A-Nationalmannschaft Ribbeck hält Sperre nach "Ampelkarte" für unsinnig

In einem Interview hat DFB-Teamchef Erich Ribbeck Kritik daran geäußert, daß ein Spieler nach einer Gelb-Roten Karte für ein Spiel gesperrt ist. Der 61jährige plädiert in diesem Fall eher für eine "saftige" Geldstrafe.

DFB-Teamchef Erich Ribbeck hält die die Ein-Spiel-Sperre nach einer Gelb-Roten Karte für überflüssig: "Wem nützt es, wenn ein Spieler nach seinem Foul aussetzen muß? Der nächste Gegner profitiert am meisten davon, und der kann am wenigsten dafür", erklärte der 61jährige in einem Interview mit der Tageszeitung Die Welt.

Statt dessen macht der ehemalige Bundesliga-Coach den Vorschlag, eine hohe Geldbuße für einen Kicker nach einer "Ampelkarte" zu verhängen: "Warum sollte nicht ein Spier, der die Gelb-Rote Karte sieht, 50.000 Mark bezahlen?
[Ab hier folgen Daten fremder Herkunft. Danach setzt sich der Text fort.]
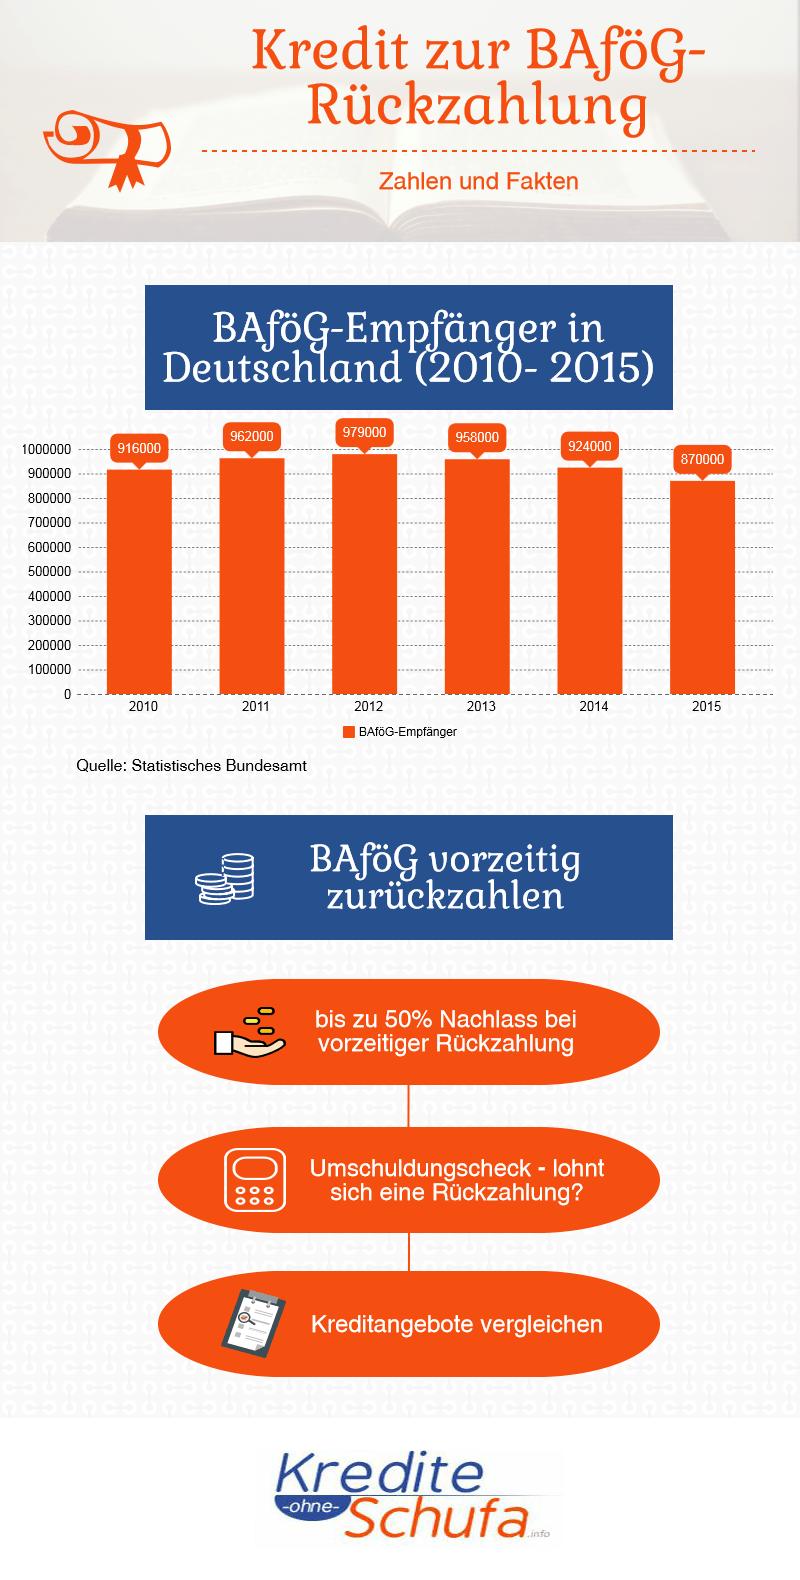 Infografik zur BAföG-Rückzahlung

Eine saftige Geldstrafe, die richtig weh tut. Die nicht der Verein bezahlt, sondern der Spieler ganz allein. Was glauben Sie, wie schnell das Meckern in der Bundesliga aufhört. Ich verstehe nicht, warum niemand darüber nachdenkt."

Der Coach des dreimaligen Welt- und Europameisters ist außerdem ein Befürworter von Zeitstrafen nach einem Foulspiel. Ribbeck: "Ich würde es begrüßen, wenn Fouls mit fünf oder zehn Minuten Pause bestraft werden." Allerdings sieht er auch Gefahren. "Unsere Schiedsrichter wären noch mehr gefordert, gerade in Hexenkesseln wie in Dortmund oder Kaiserslautern. Wenn 50.000 Leute pfeifen, ist es nicht einfach, solche Entscheidungen zu treffen. Ich befürchte, Spieler von Gastmannschaften würden häufiger hinausgestellt als die der Heimmannschaft."